Print the lines below from the line with "Cute walking black" to the line with "Spine and lower" exactly, keeping both ends, and print no pictures.

Dataset content |
--------------------------------

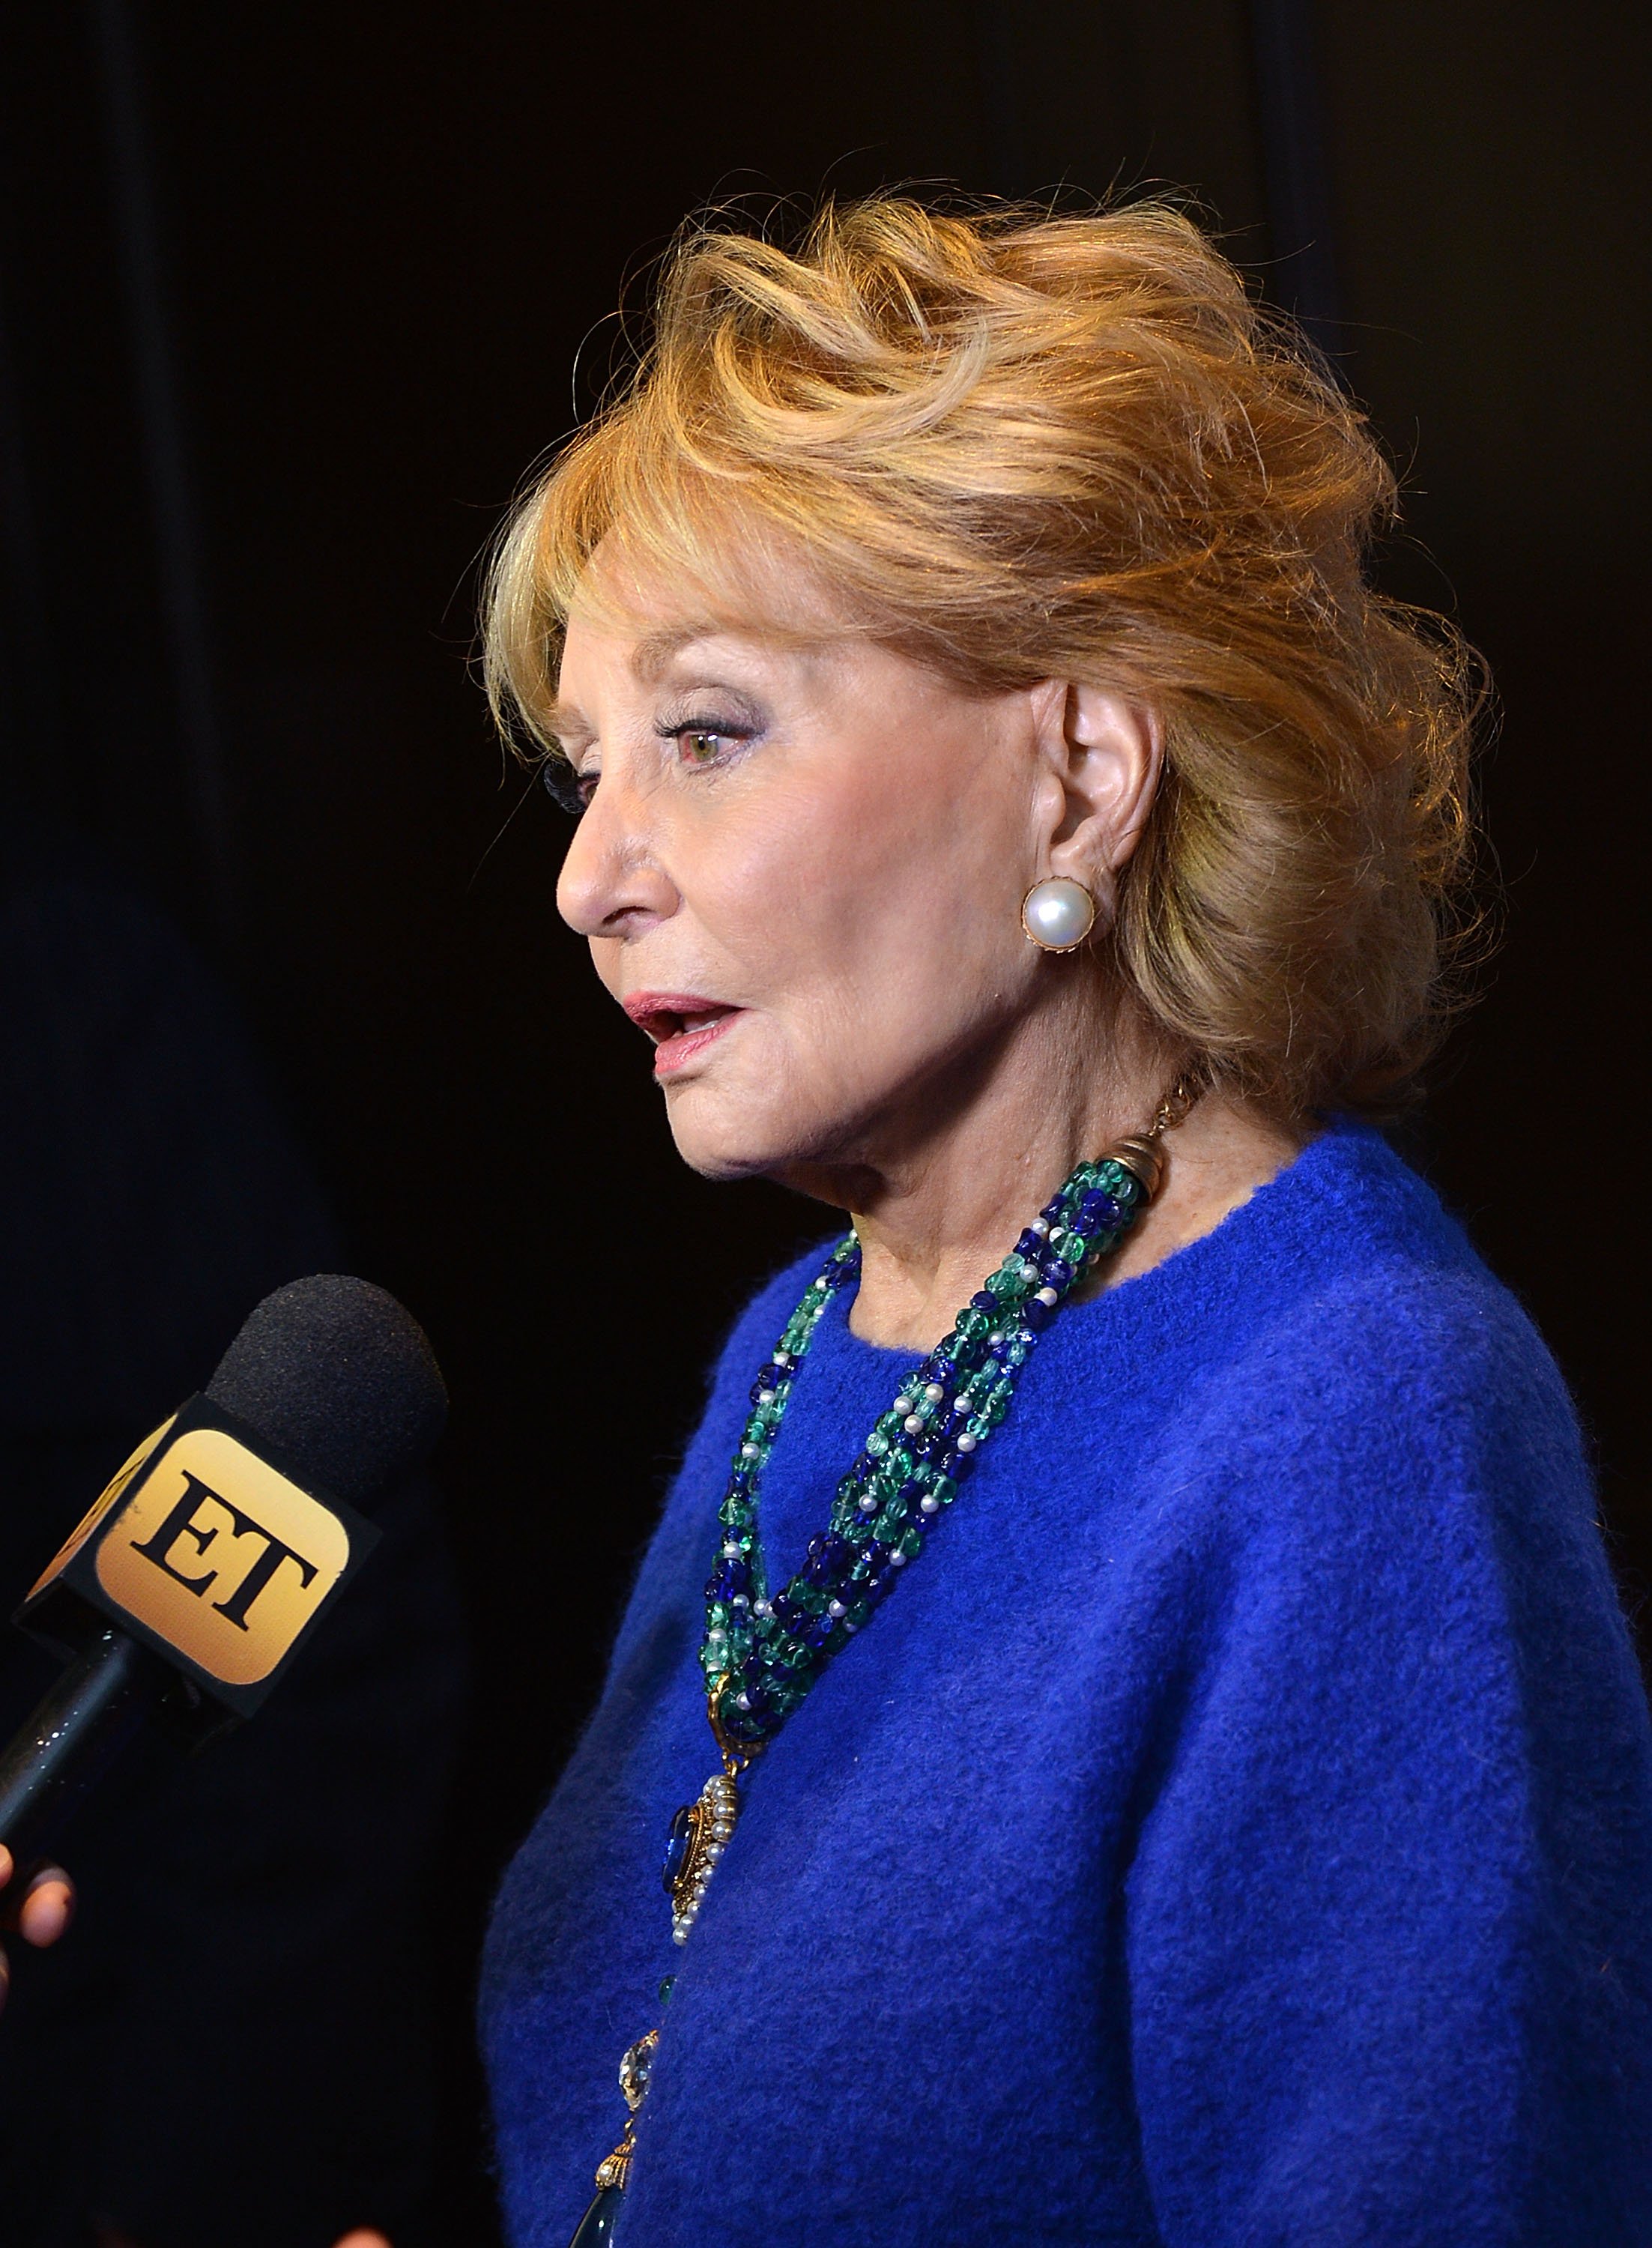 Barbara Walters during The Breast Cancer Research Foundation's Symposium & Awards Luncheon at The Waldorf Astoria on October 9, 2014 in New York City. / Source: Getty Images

--------------------------------

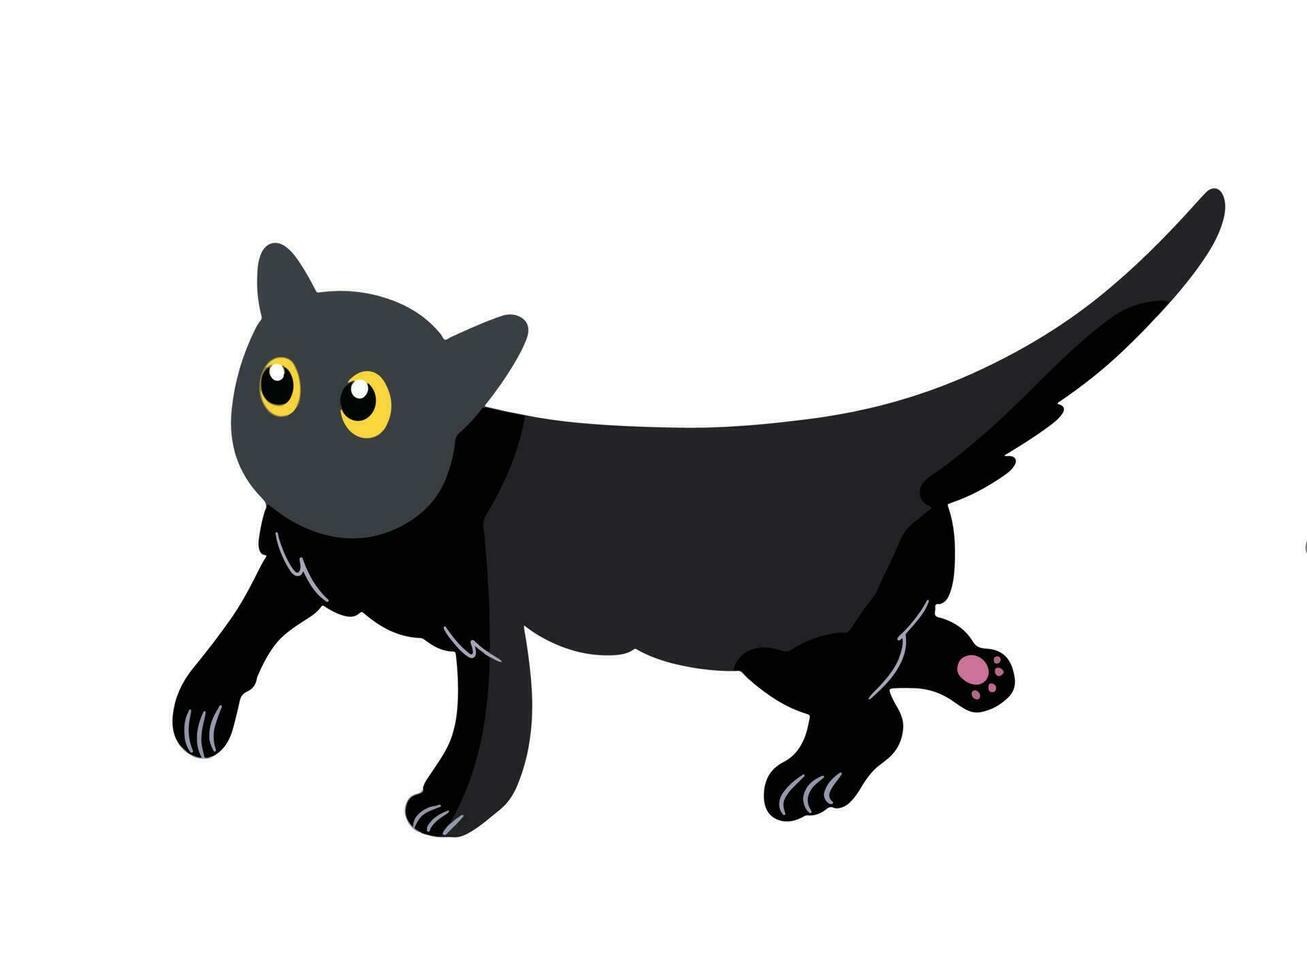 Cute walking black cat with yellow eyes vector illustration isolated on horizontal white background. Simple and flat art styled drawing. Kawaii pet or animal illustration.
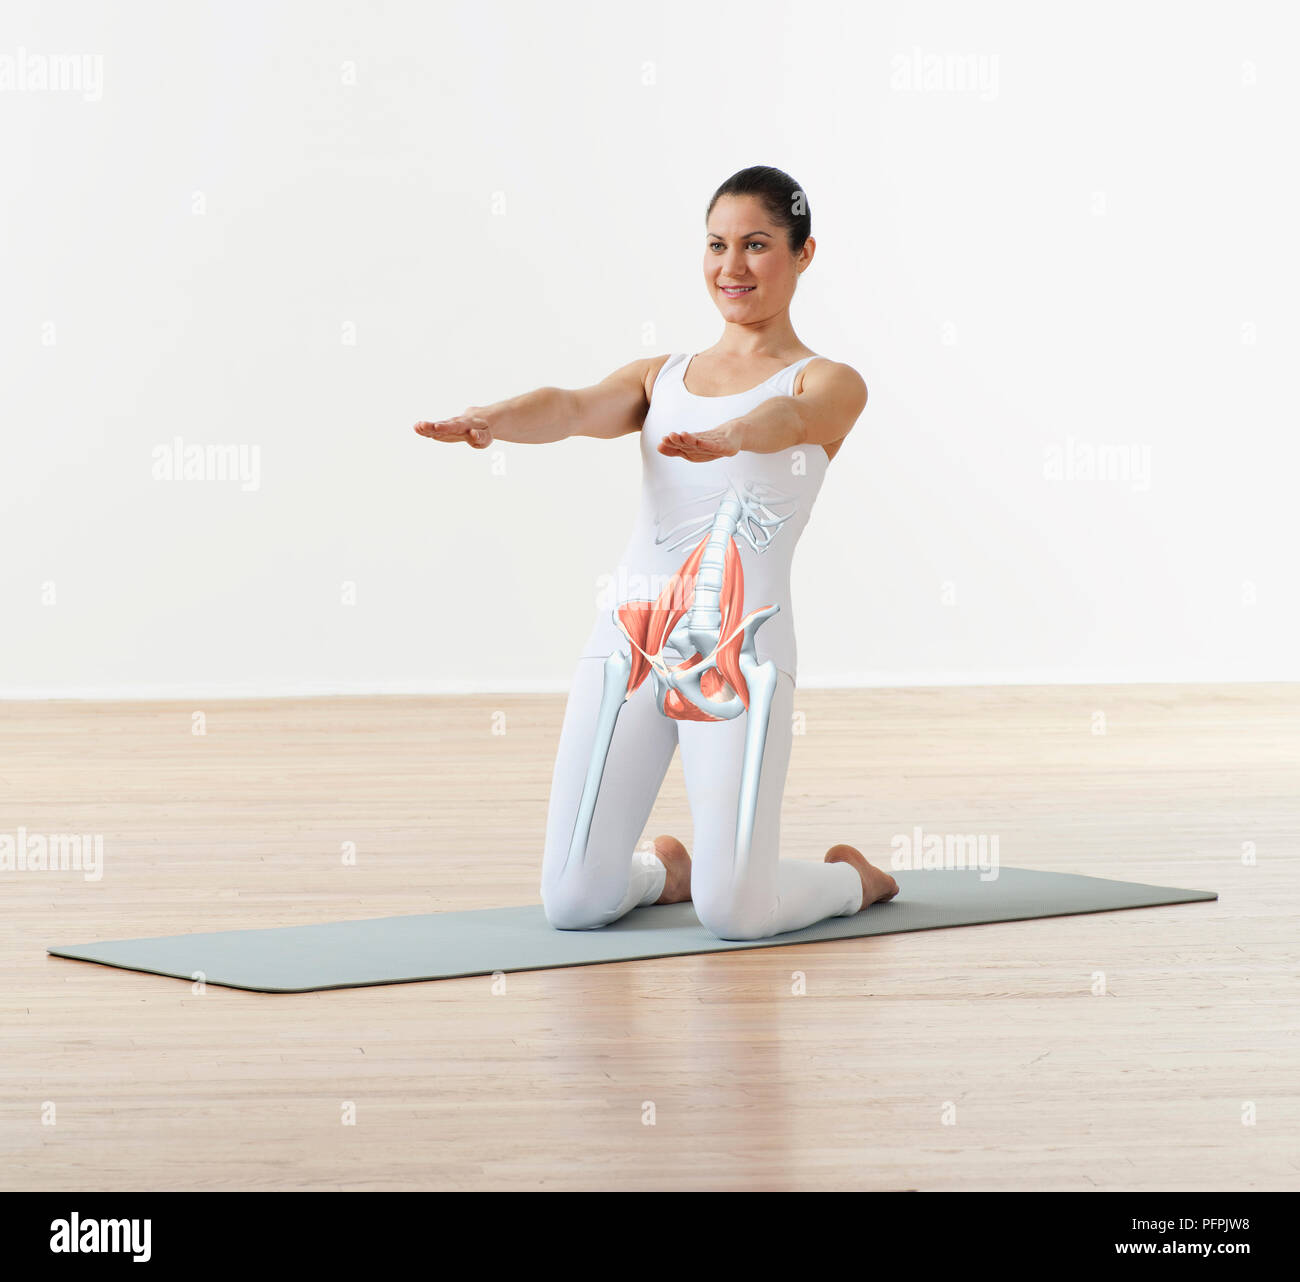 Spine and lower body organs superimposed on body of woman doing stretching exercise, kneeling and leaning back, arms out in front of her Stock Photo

--------------------------------

Exercise result |
 Cute walking black cat with yellow eyes vector illustration isolated on horizontal white background. Simple and flat art styled drawing. Kawaii pet or animal illustration.
 Spine and lower body organs superimposed on body of woman doing stretching exercise, kneeling and leaning back, arms out in front of her Stock Photo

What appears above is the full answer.